Exercise:
Repeat the data exactly, leaving out any image.

Information supplied:

================

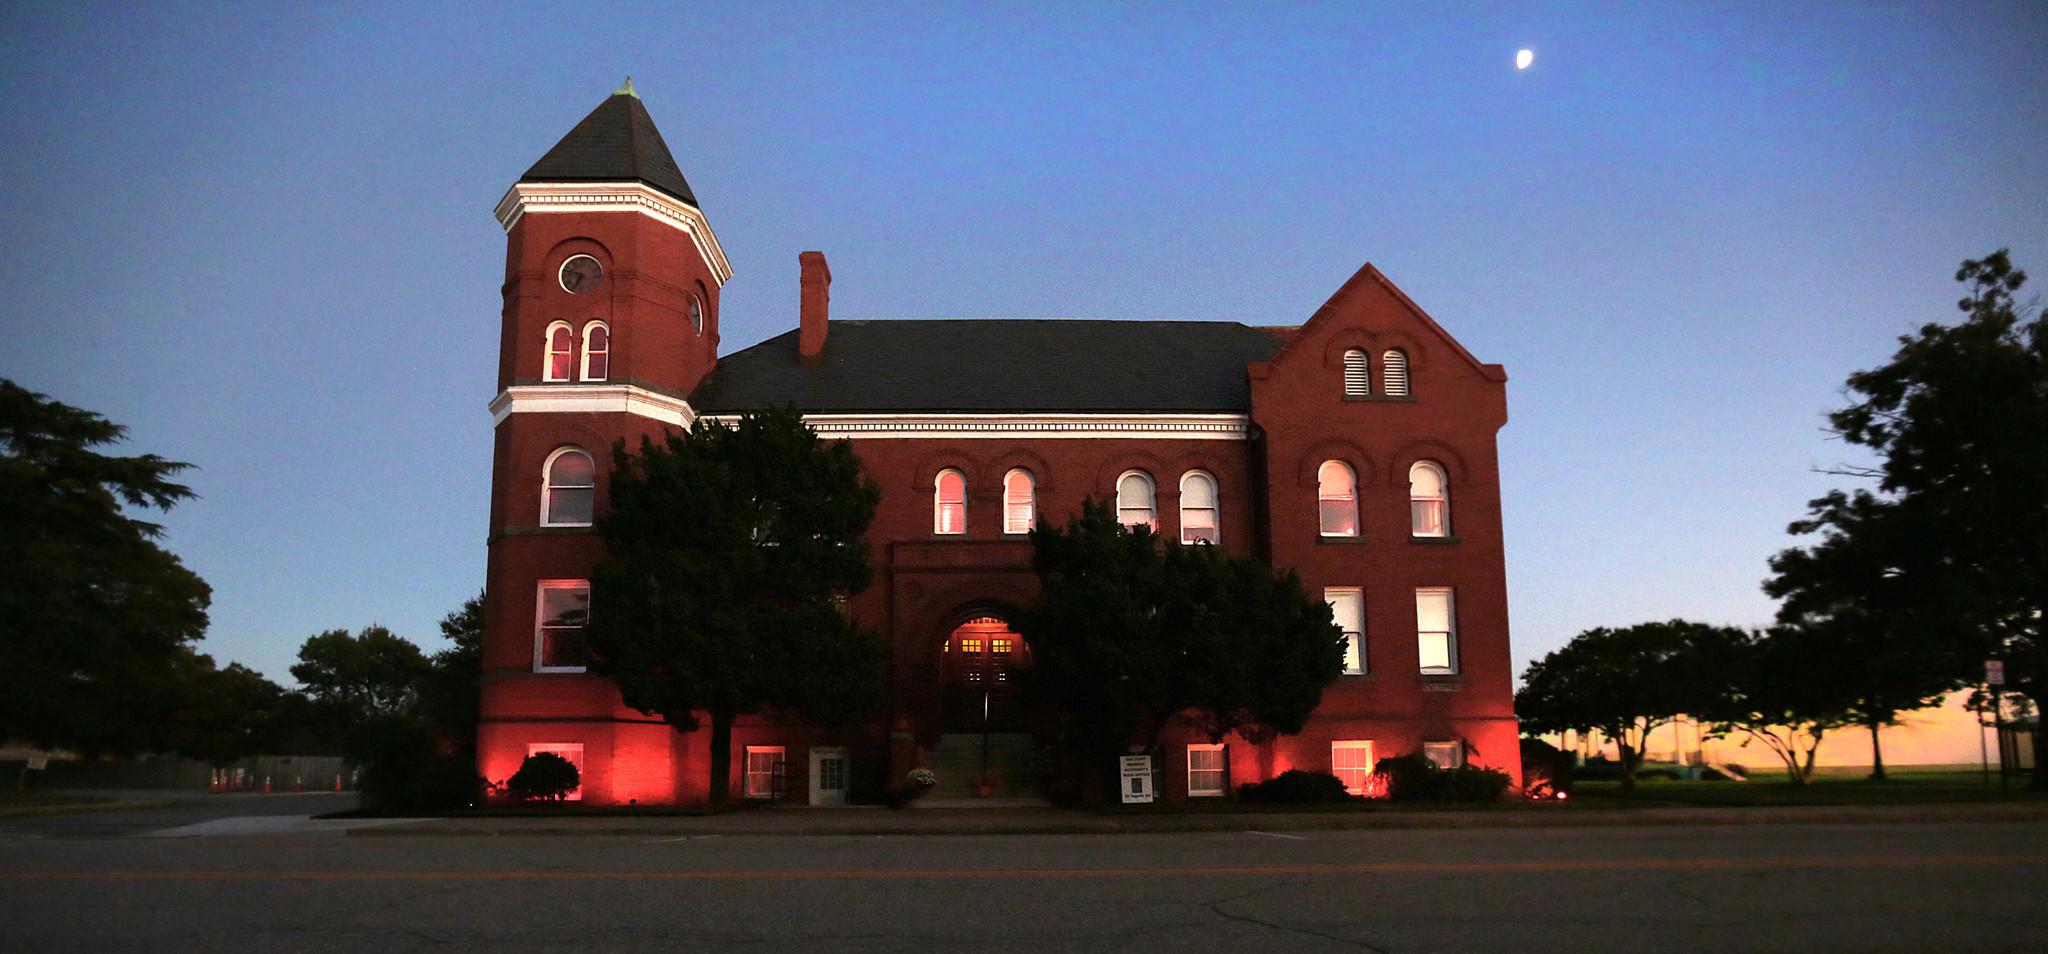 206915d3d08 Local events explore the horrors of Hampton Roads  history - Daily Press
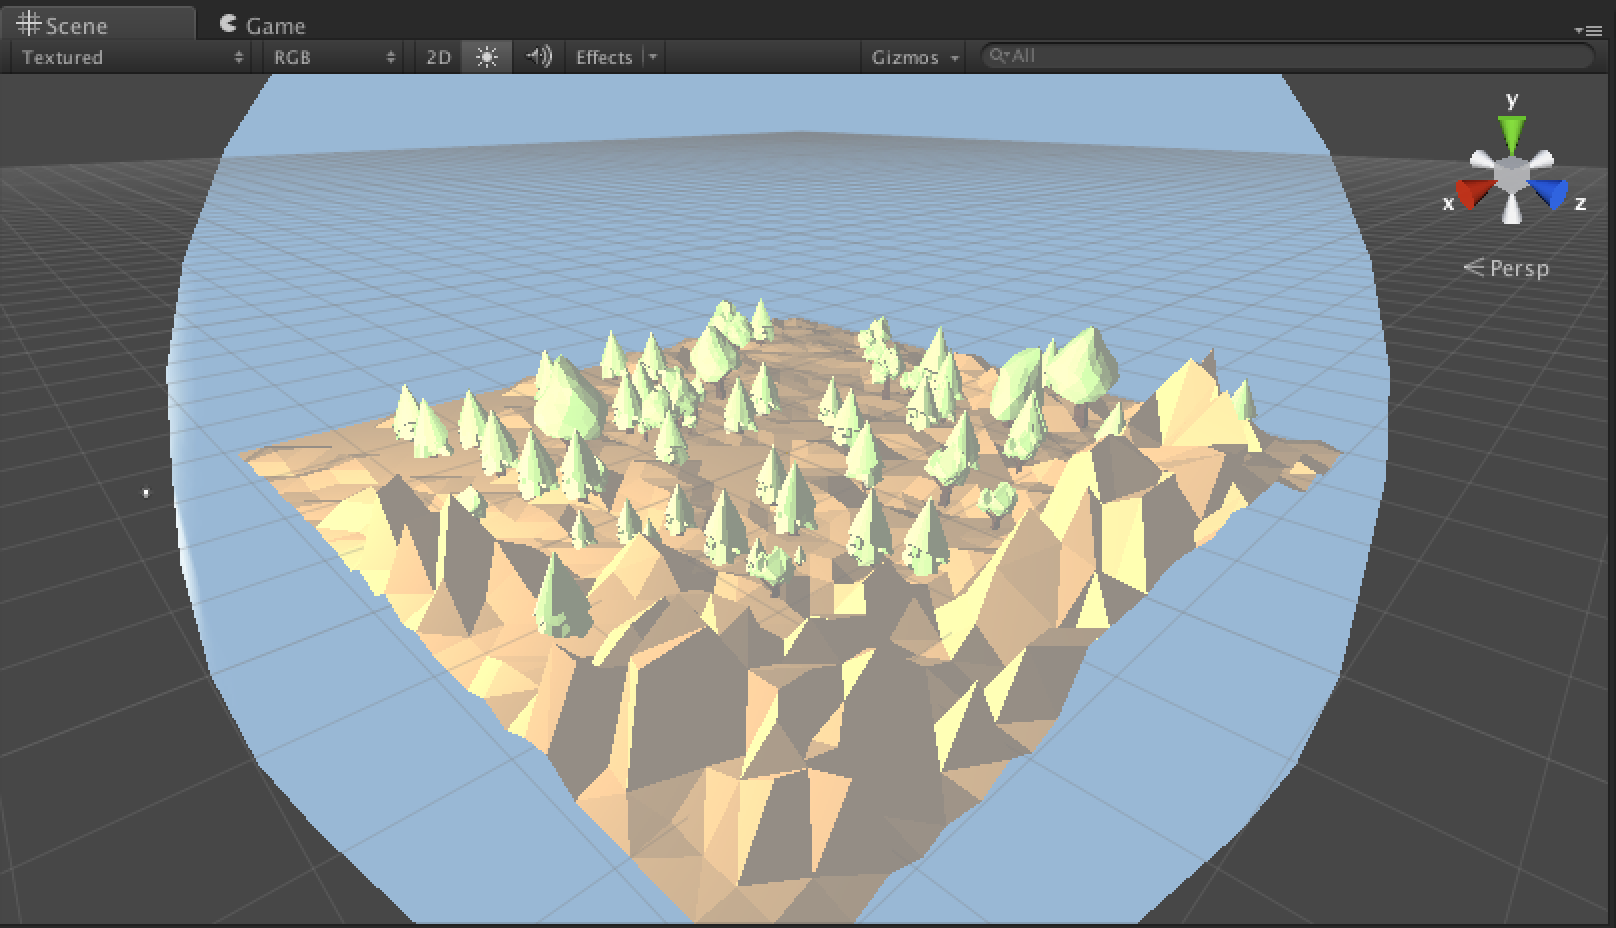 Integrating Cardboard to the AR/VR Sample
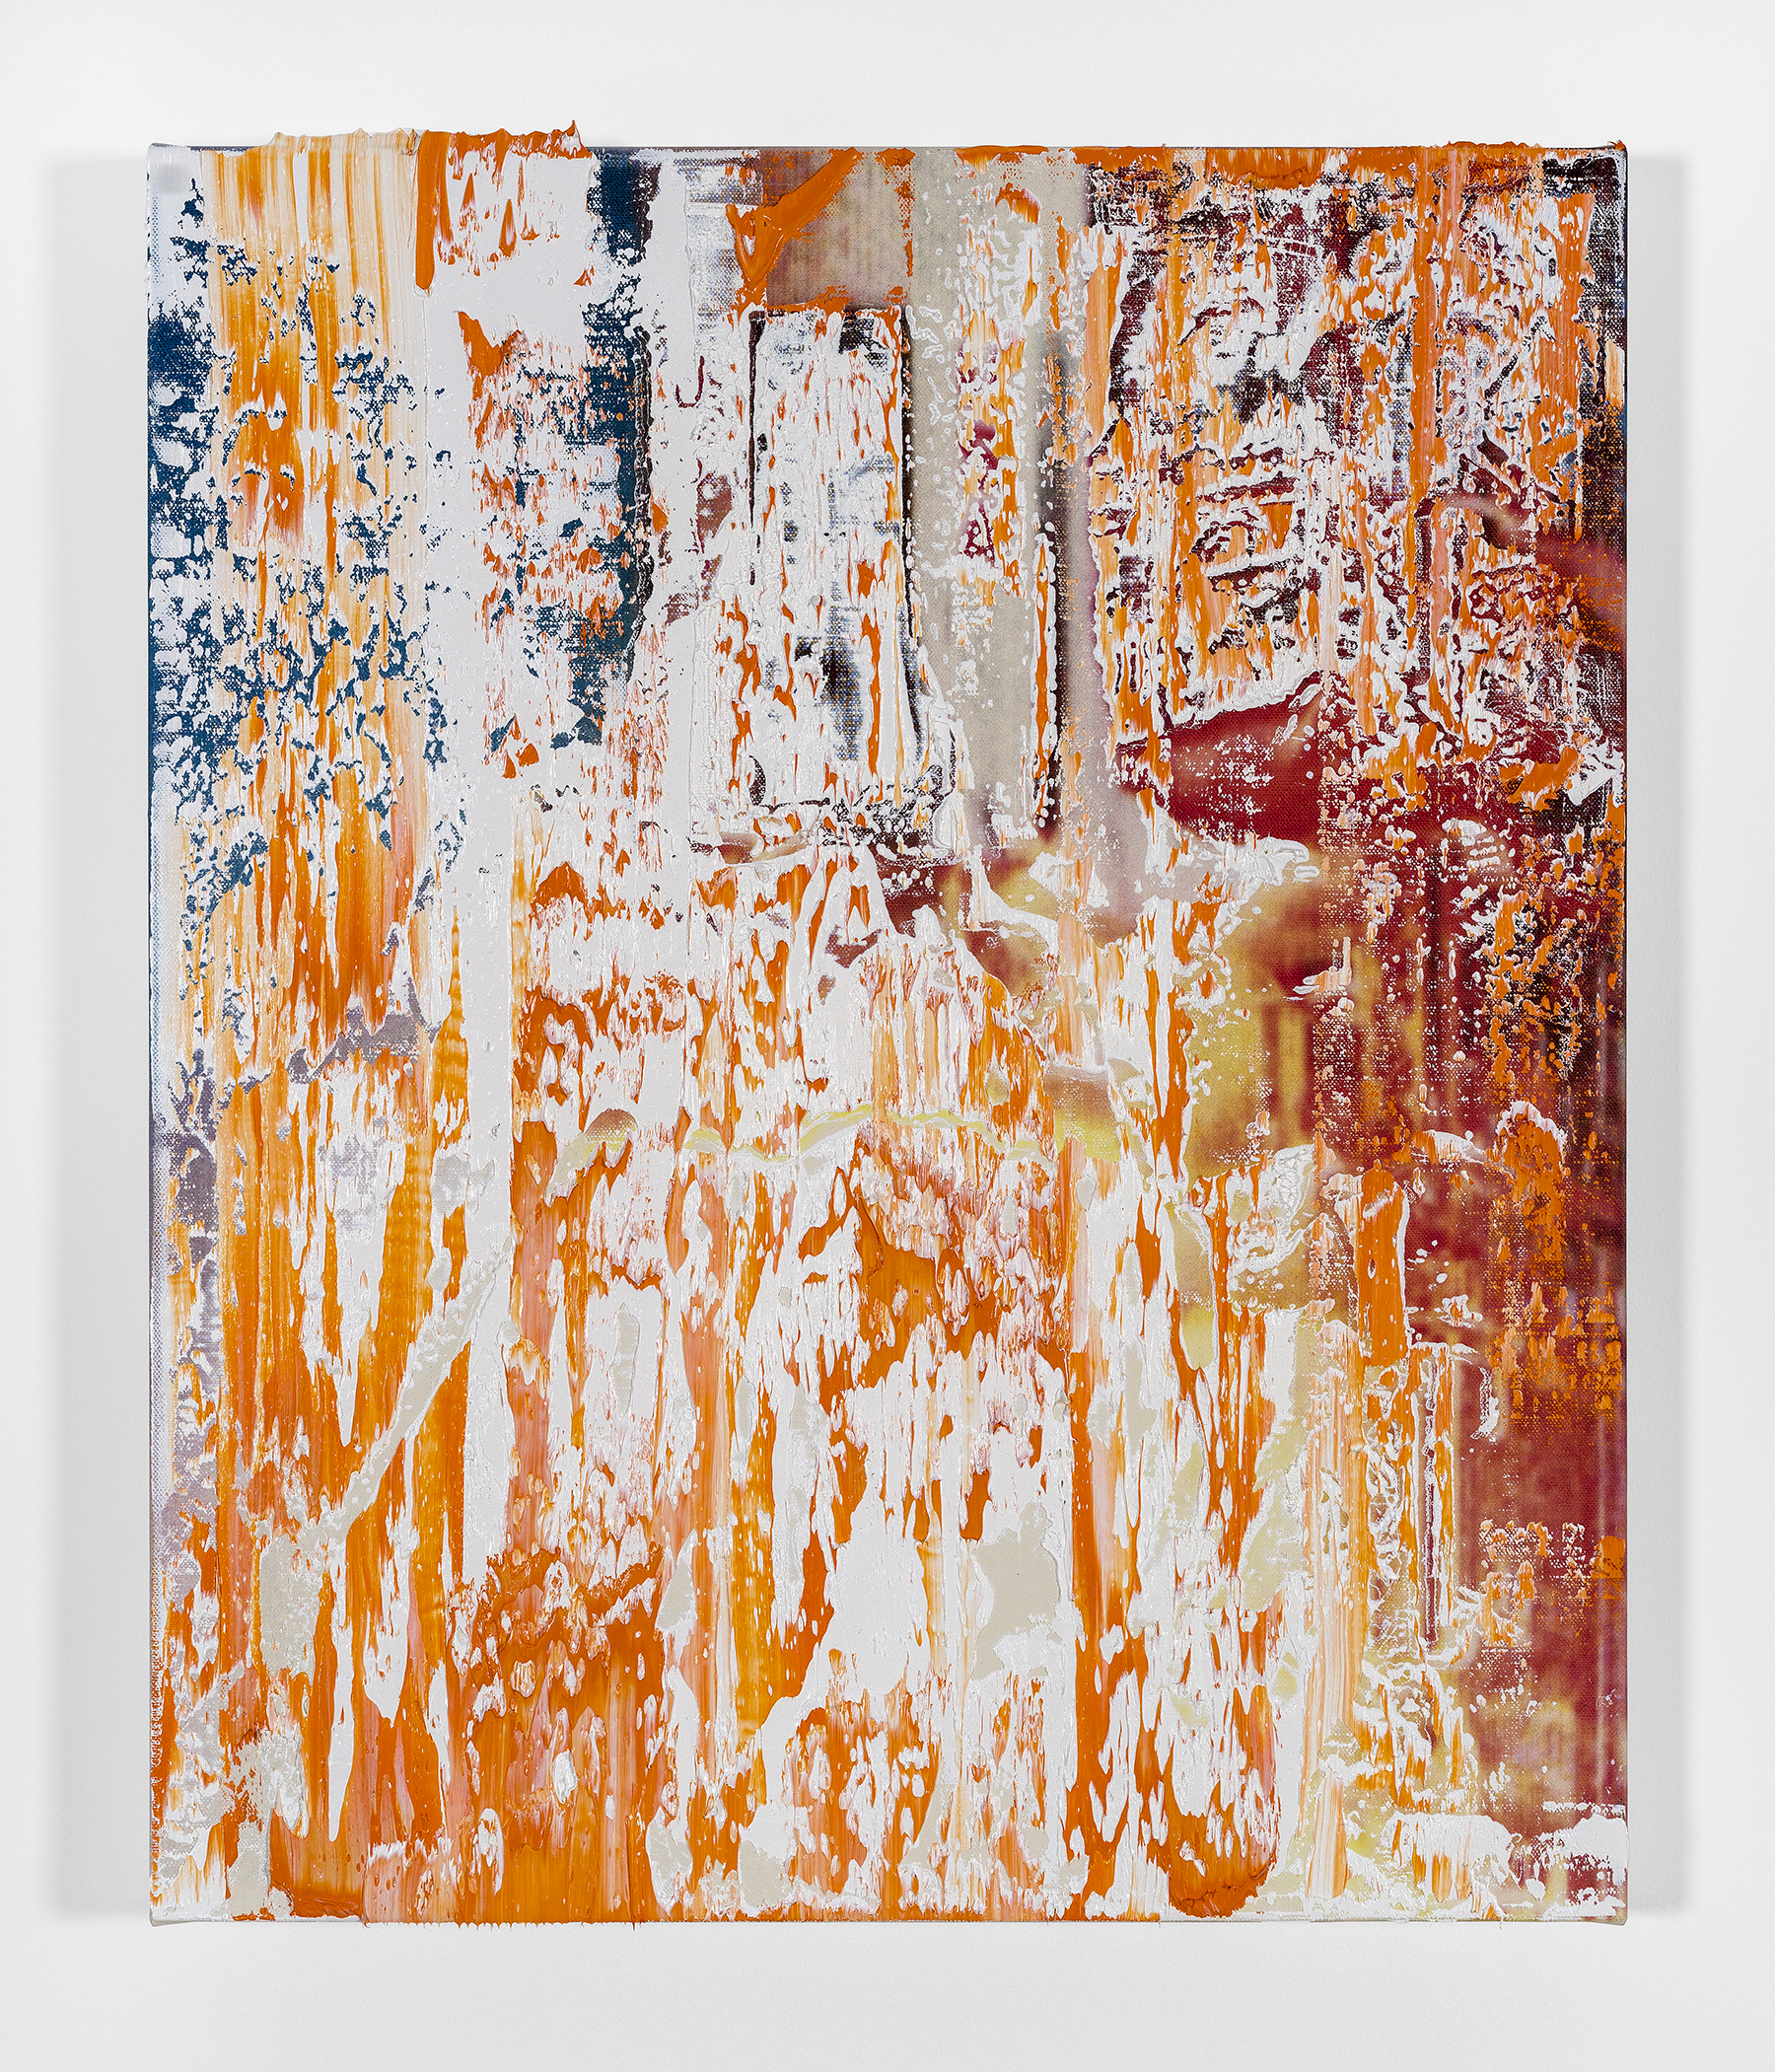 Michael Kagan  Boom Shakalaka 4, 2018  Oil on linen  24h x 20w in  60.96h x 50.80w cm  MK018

================

Output of the task:
 206915d3d08 Local events explore the horrors of Hampton Roads  history - Daily Press
 Integrating Cardboard to the AR/VR Sample
 Michael Kagan  Boom Shakalaka 4, 2018  Oil on linen  24h x 20w in  60.96h x 50.80w cm  MK018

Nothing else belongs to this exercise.